In the 13 of 110 (12%) patients treated for acute or early chronic rejection in this study, velocities were slightly higher in the intrahepatic arteries and portal veins than in patients without complications. This suggests relatively hyperdynamic flow, but the magnitude of difference in velocities was small, limiting clinical utility of this observation. A change to damped or monophasic hepatic venous flow on serial ultrasound was previously shown to suggest rejection [3]. In our study, limited to the first postoperative ultrasound, monophasic hepatic venous flow did not correlate with rejection as expected given that it usually requires more than 1 day to develop.

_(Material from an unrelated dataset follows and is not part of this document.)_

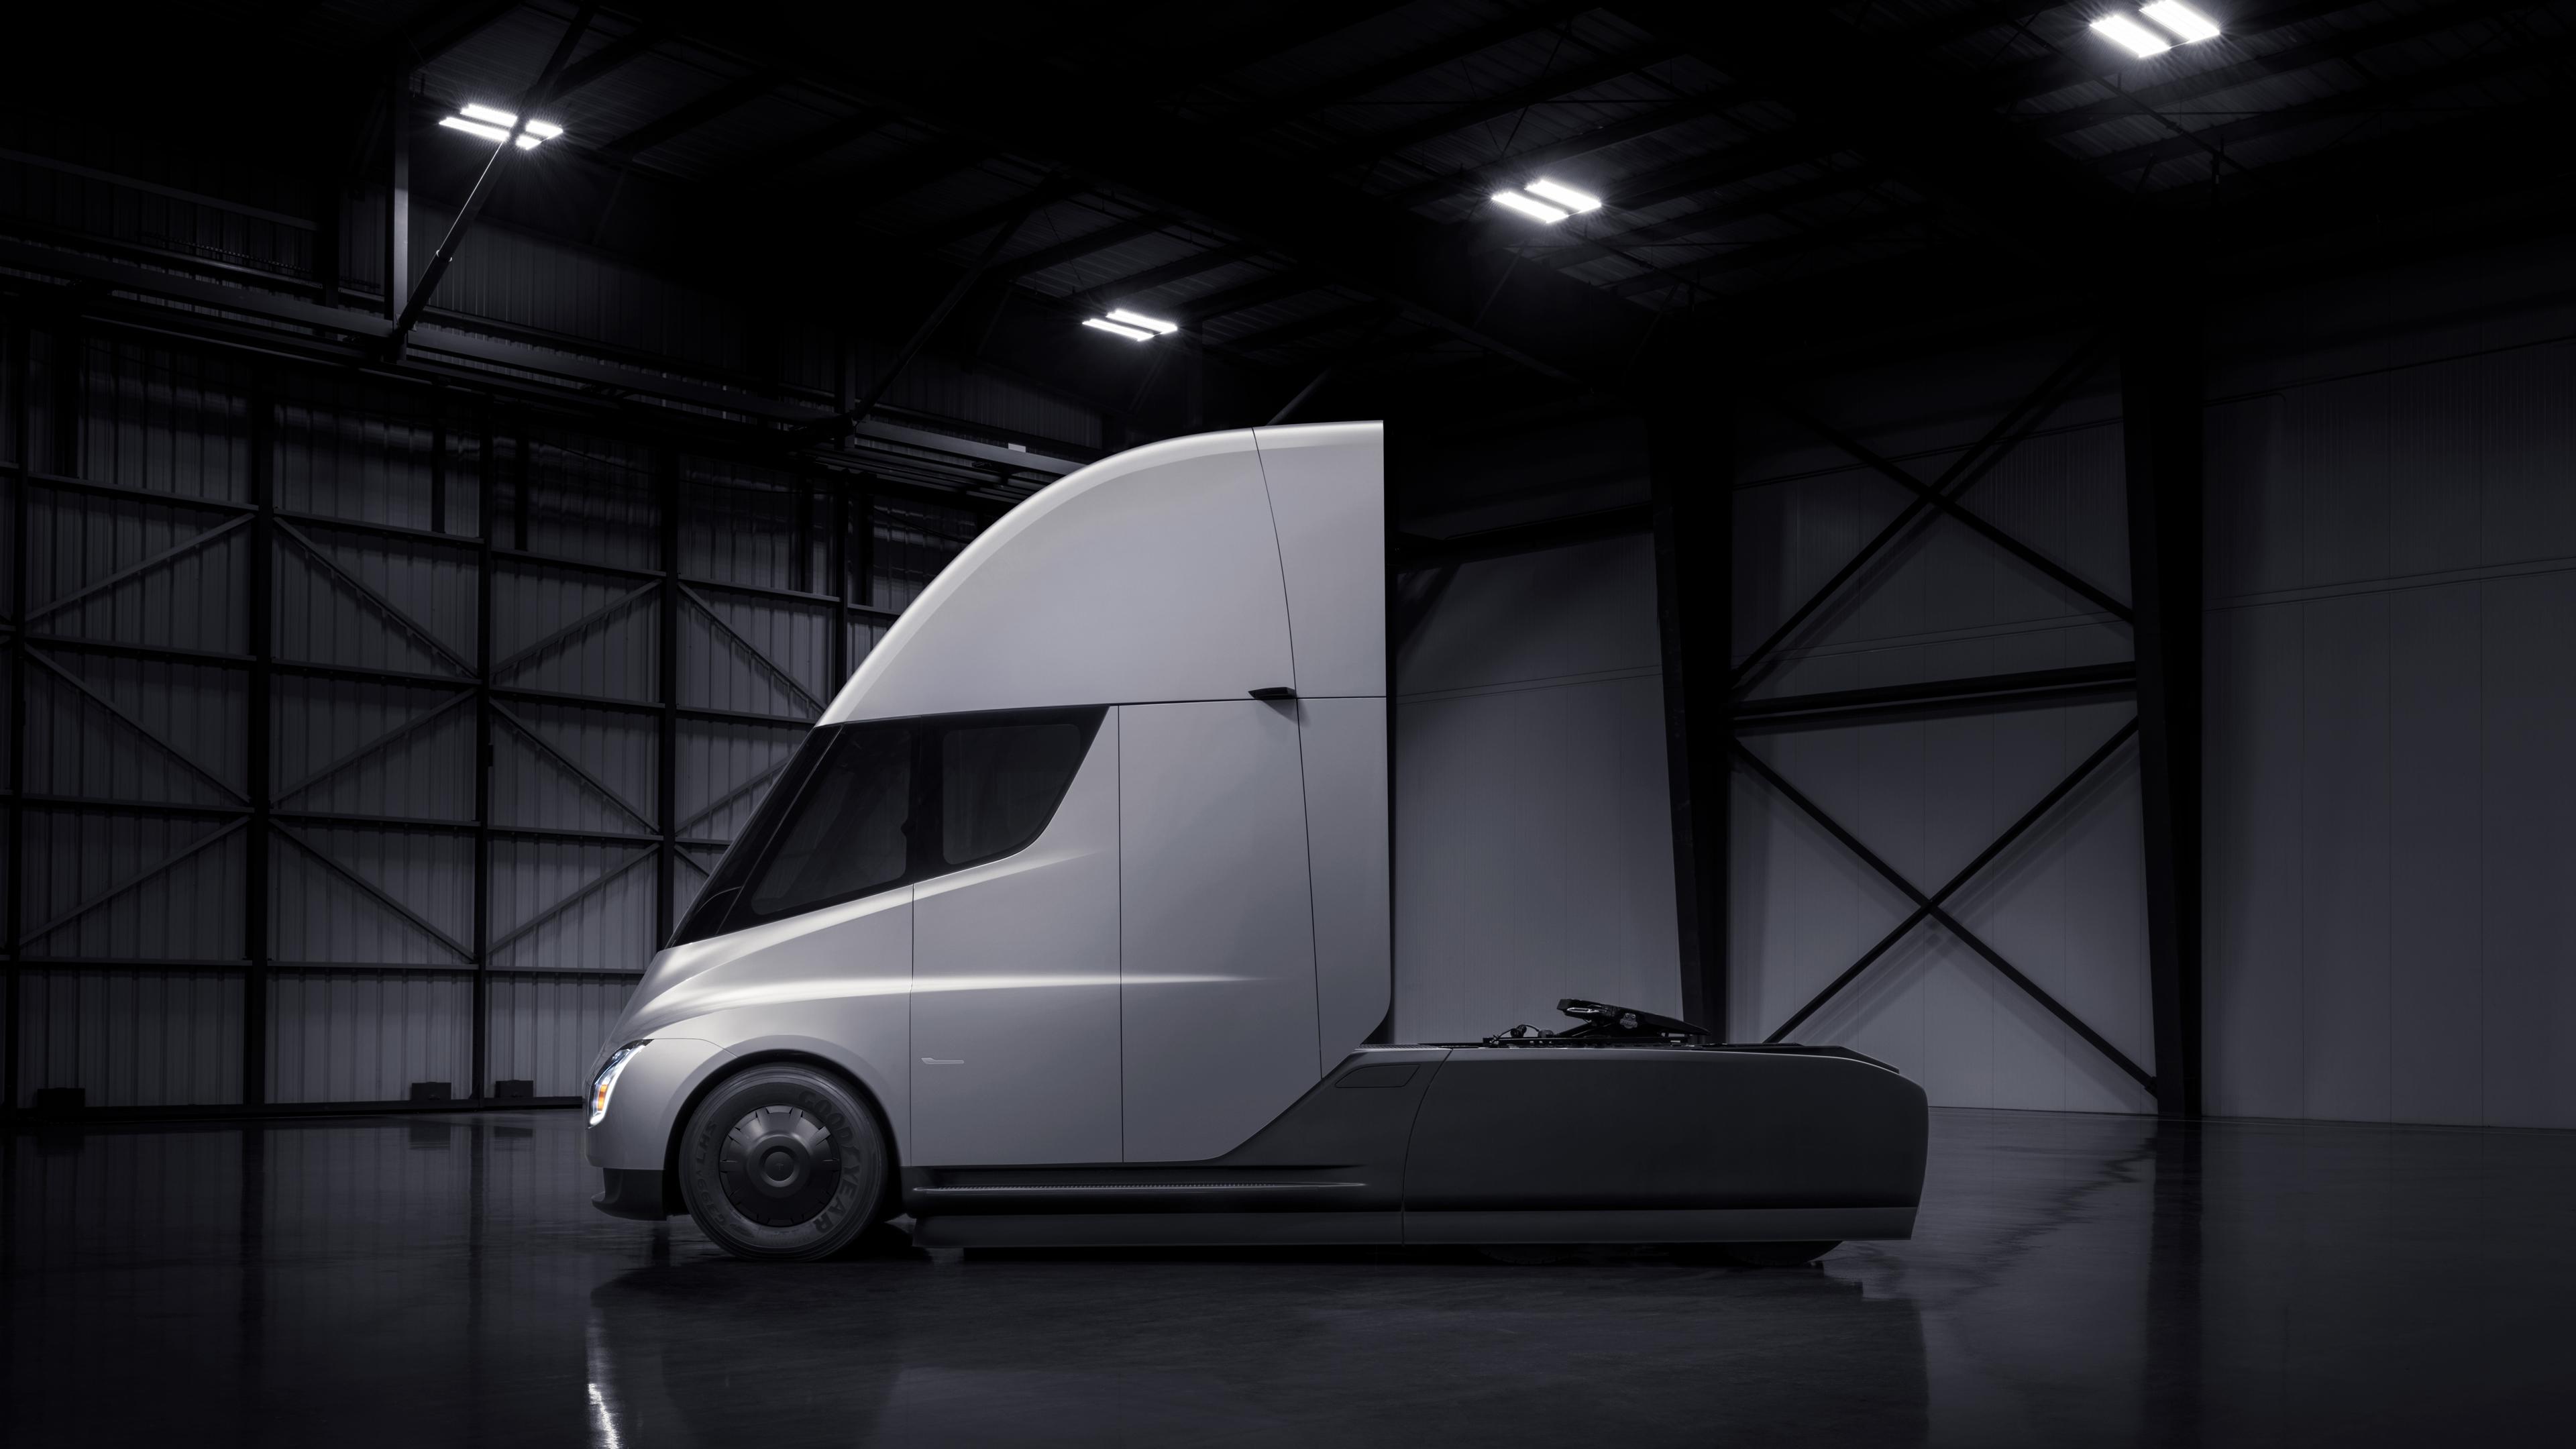 Pepsi one-ups Budweiser brewer by ordering 100 Tesla electric semi trucks

Limitations of our study were primarily related to its retrospective nature. Although sonographers and radiologists endeavor to ensure that standard images are obtained for every patient, the number and quality of images available varied. For example, images of the IVC were not always included, likely due to technical difficulty in visualizing this deep vessel perpendicular to the ultrasound probe, especially with bandages narrowing the available sonographic windows. Several images were not included in data analysis due to technical concerns, such as inappropriate beam steering when imaging portal veins. We were also limited to reliance on the documented clinical outcomes in available medical records, with the risk that we may have missed some complications. However, both sites have regional electronic medical records covering catchment areas of several million people, and follow-up was readily available. The sample size, although substantial for a study of this type, was still limited, particularly with respect to subgroup analyses (e.g., three patients with hepatic vein or IVC complications). The patient populations were somewhat different between sites, with older patients on average at site M. However, the diversity of the study population is arguably a strength of the study rather than a limitation. Finally, the time of initial postoperative ultrasound varied, generally on POD1 but varying between late on POD0 and on POD2. This may affect some vascular flow patterns that can change rapidly in the recovery period. Future studies could review the serial evolution of normal changes in the first weeks postoperatively.

It should be noted that despite the statistically significant differences observed, we saw wide and overlapping SDs of all velocities, limiting the predictive ability of a single numeric value in any individual patient. Some complications do not become evident until serial ultrasound studies show changes in flow patterns, which is one reason that daily ultrasound studies in at least the few days after liver transplantation are recommended [1]. To determine whether a complication is likely, the physician interpreting the ultrasound study must consider the Doppler velocities and flow patterns in all relevant vessels together as well as considering the pattern of changes over any prior ultrasound studies. Our most consistent finding was that on the initial POD1 ultrasound the care team should be particularly aware of low velocities and resistive indexes, which are concerning for complications.